■ **Dataset excerpt**:
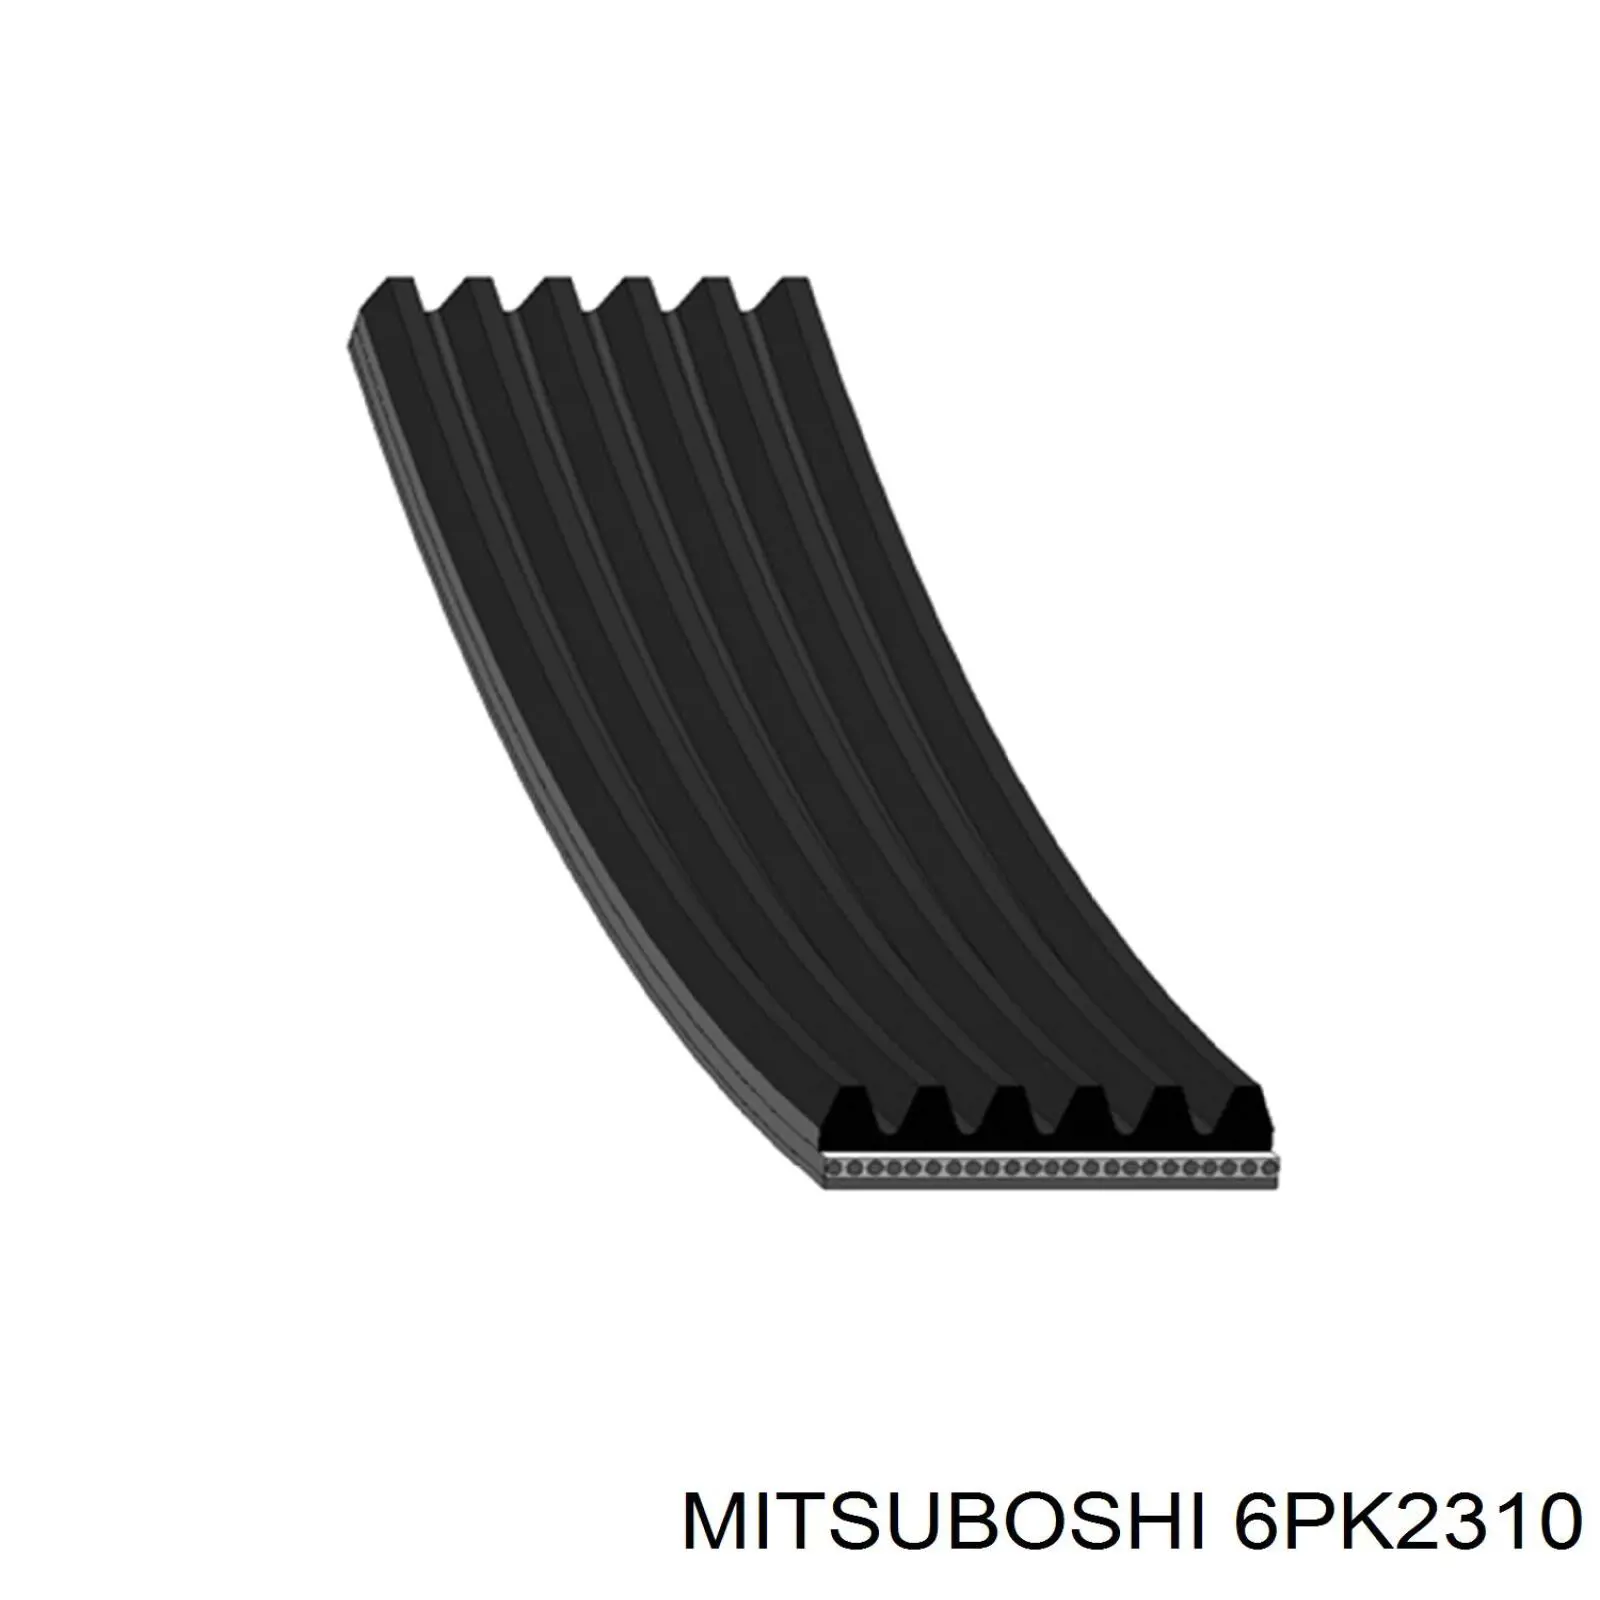 6PK2310 Mitsuboshi correia dos conjuntos de transmissão
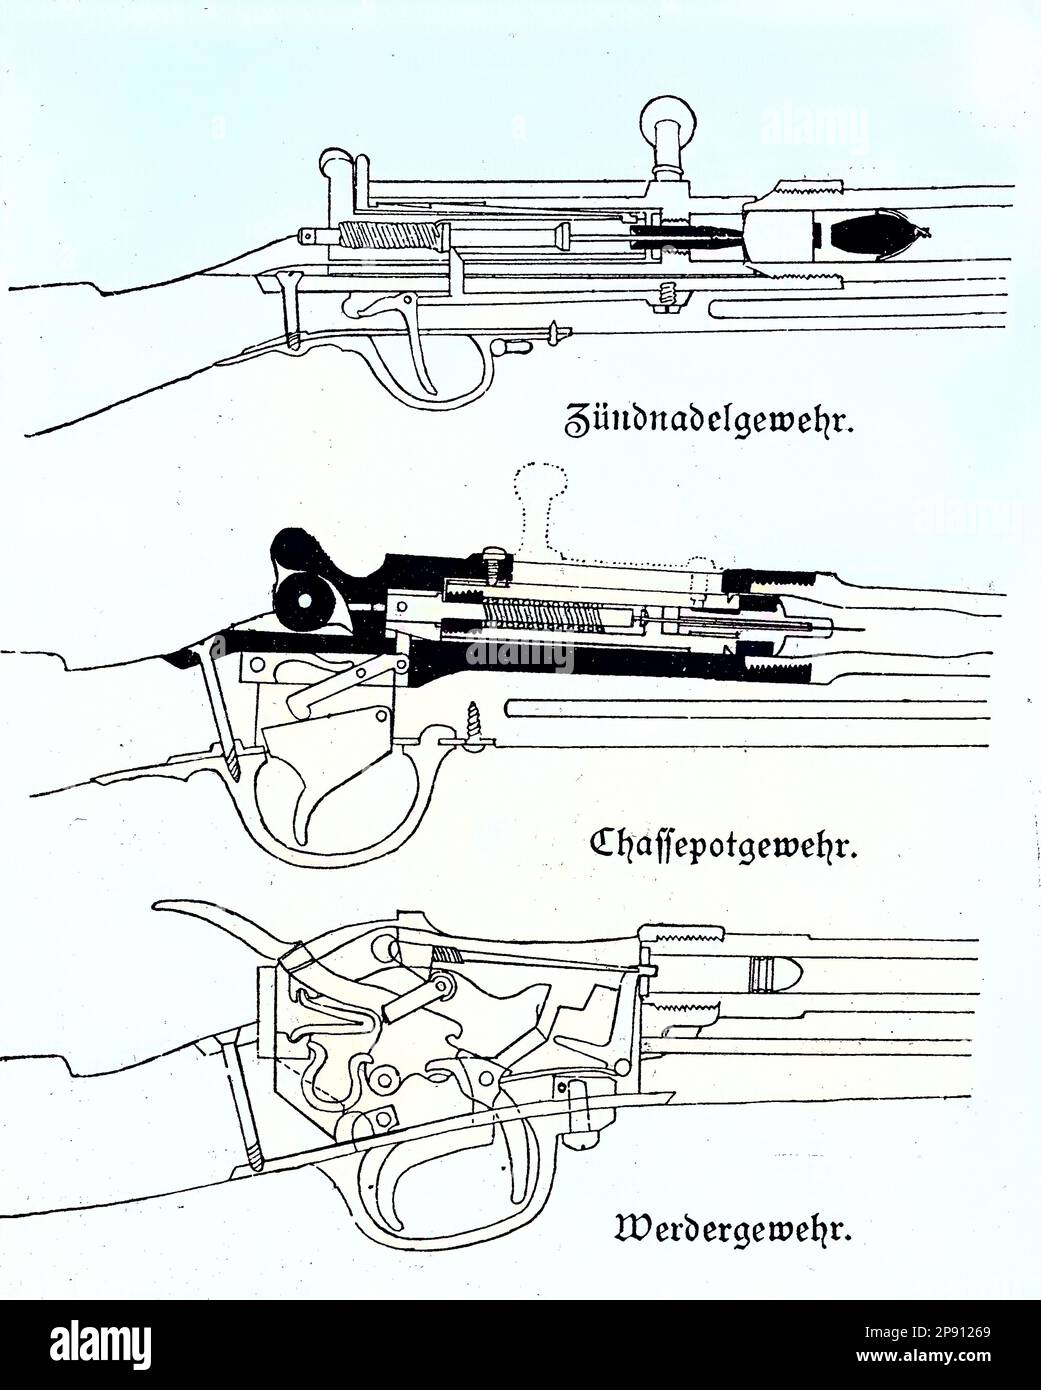 Waffen im deutsch-französischen Krieg, Das yse-Nadelgewehr, welches in militärisches Hinterladergewehr ist, berühmt als Hauptinfanteriewaffe der Preußen, die es 1841 als leichtes Perkussionsgewehr Modell 1841 in den Didigewell, 1841 ans. DAS Chassepot, offiziell bekannt als Fusil modèle 1866, était de l'ein Repetiergehr mit Hinterlader. DAS bayerische Werdergewehr M - 1869 war das erste deutsche Hinterladergehr mit einer Metallpatrone und einer Zentralzündung, situation aus der Zeit des Deutsch-Französischen Krieges oder Deutsch-Deutschen Krieges, Deutsch-Fran Banque D'Images
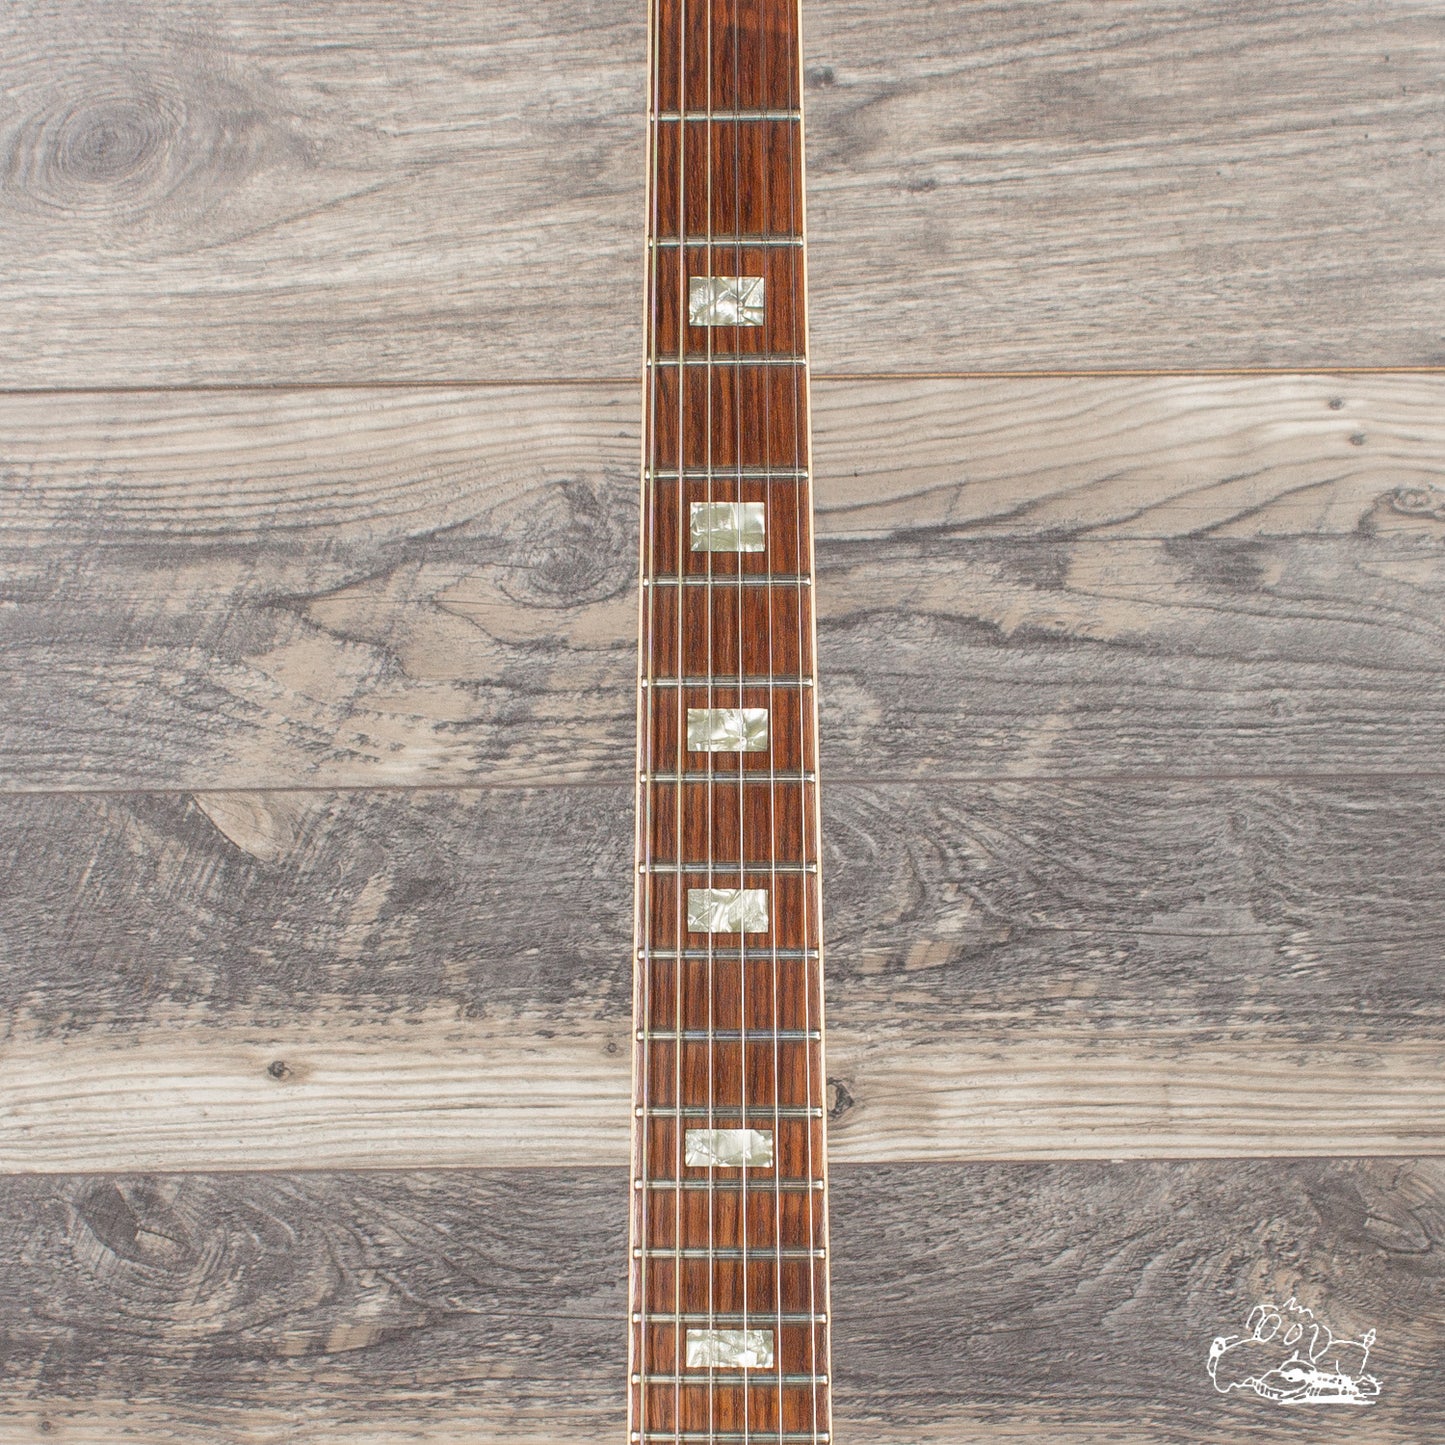 1967 Gibson ES-335

■ **Required work**: All of the listing above must be output exactly, except for its pictures.

■ **Exercise output**:
 6PK2310 Mitsuboshi correia dos conjuntos de transmissão
 Waffen im deutsch-französischen Krieg, Das yse-Nadelgewehr, welches in militärisches Hinterladergewehr ist, berühmt als Hauptinfanteriewaffe der Preußen, die es 1841 als leichtes Perkussionsgewehr Modell 1841 in den Didigewell, 1841 ans. DAS Chassepot, offiziell bekannt als Fusil modèle 1866, était de l'ein Repetiergehr mit Hinterlader. DAS bayerische Werdergewehr M - 1869 war das erste deutsche Hinterladergehr mit einer Metallpatrone und einer Zentralzündung, situation aus der Zeit des Deutsch-Französischen Krieges oder Deutsch-Deutschen Krieges, Deutsch-Fran Banque D'Images
 1967 Gibson ES-335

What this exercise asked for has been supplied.